● Instructions for the task: Everything in the data must be repeated exactly, apart from the pictures, which are left out.

● Data:
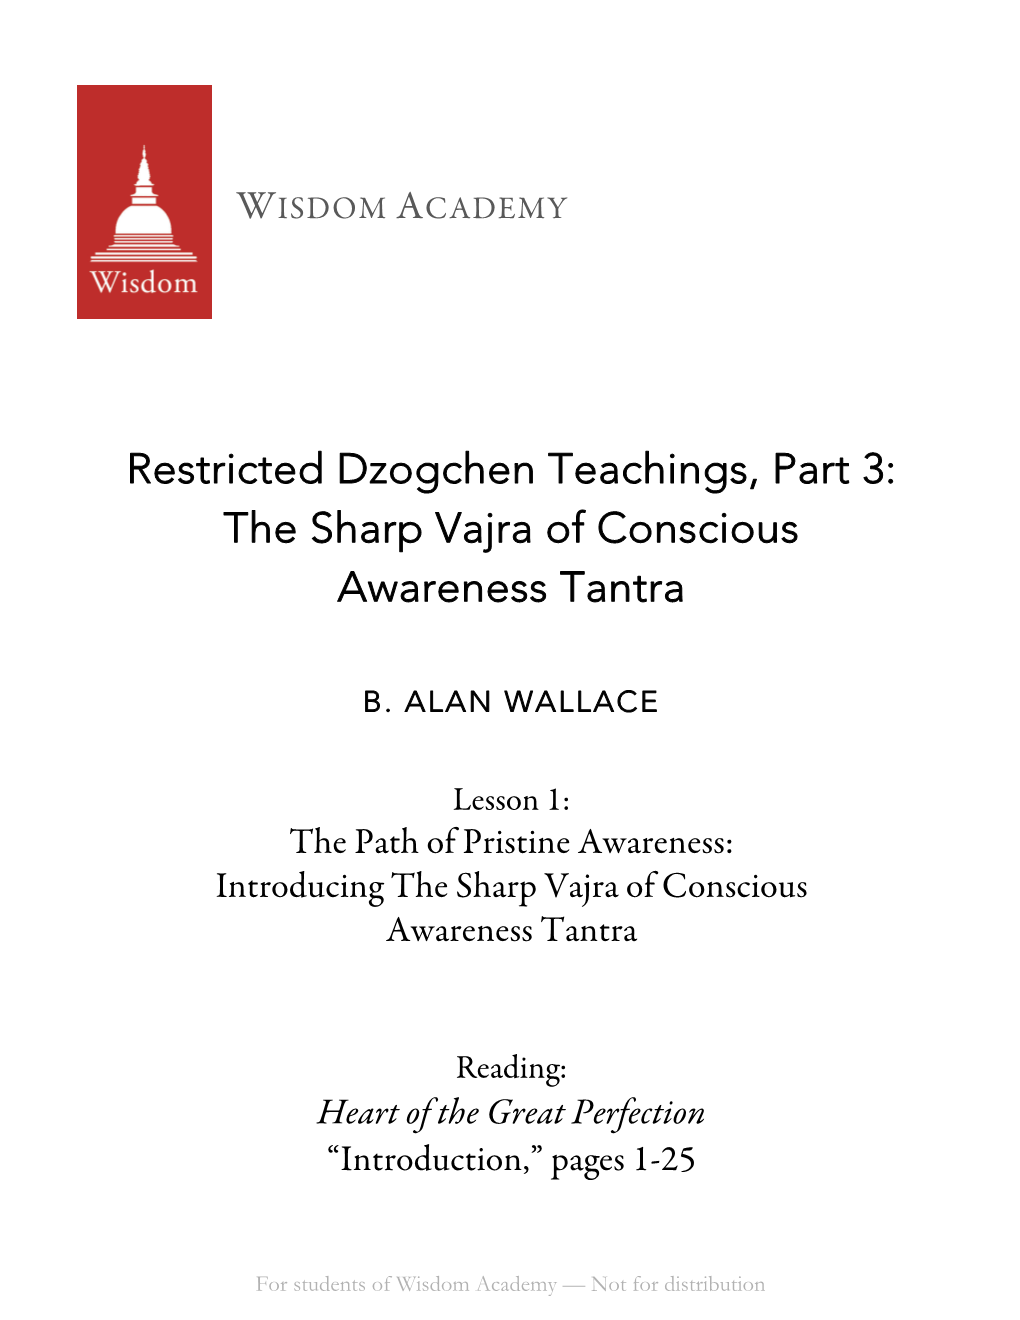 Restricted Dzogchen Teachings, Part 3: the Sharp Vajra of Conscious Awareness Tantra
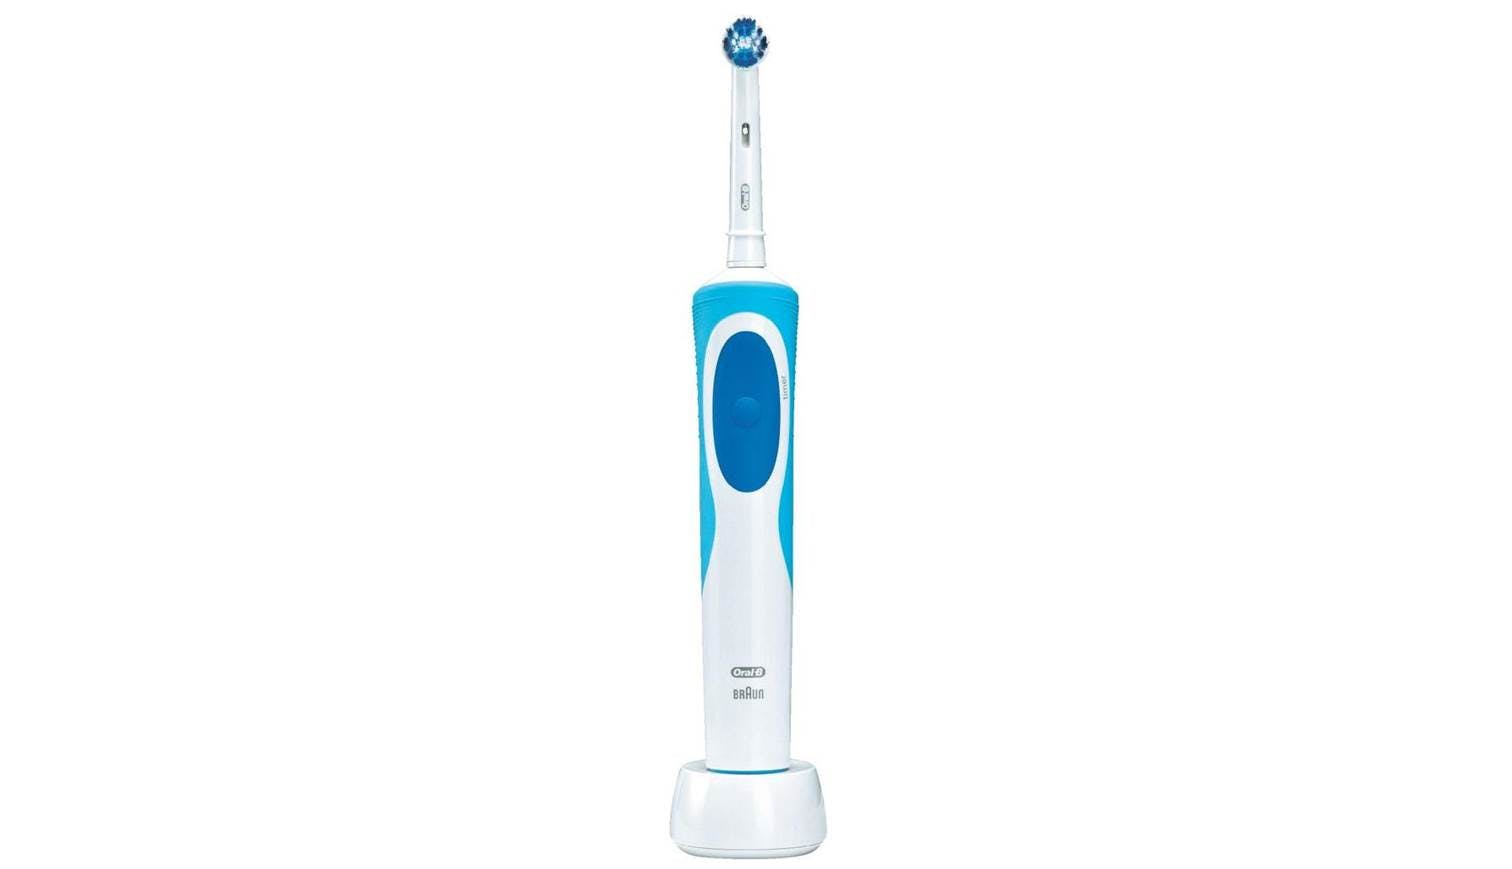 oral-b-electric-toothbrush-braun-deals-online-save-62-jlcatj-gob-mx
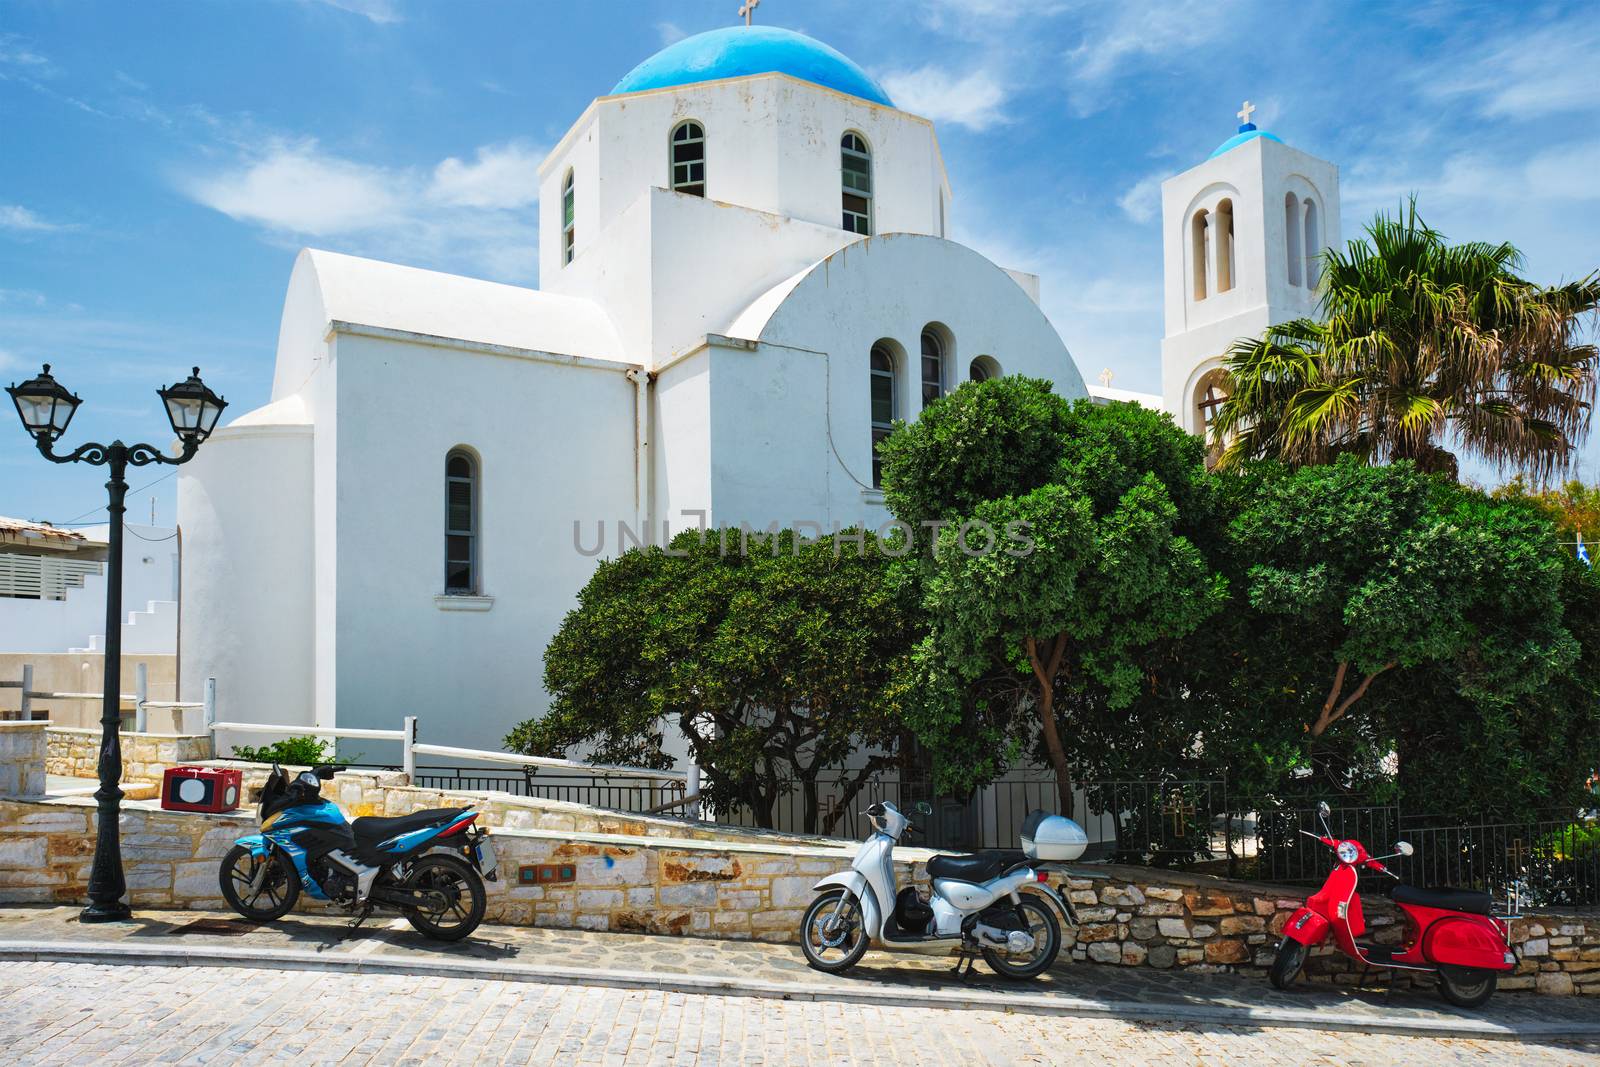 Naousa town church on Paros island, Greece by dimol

● The answer:
 Restricted Dzogchen Teachings, Part 3: the Sharp Vajra of Conscious Awareness Tantra
 oral-b-electric-toothbrush-braun-deals-online-save-62-jlcatj-gob-mx
 Naousa town church on Paros island, Greece by dimol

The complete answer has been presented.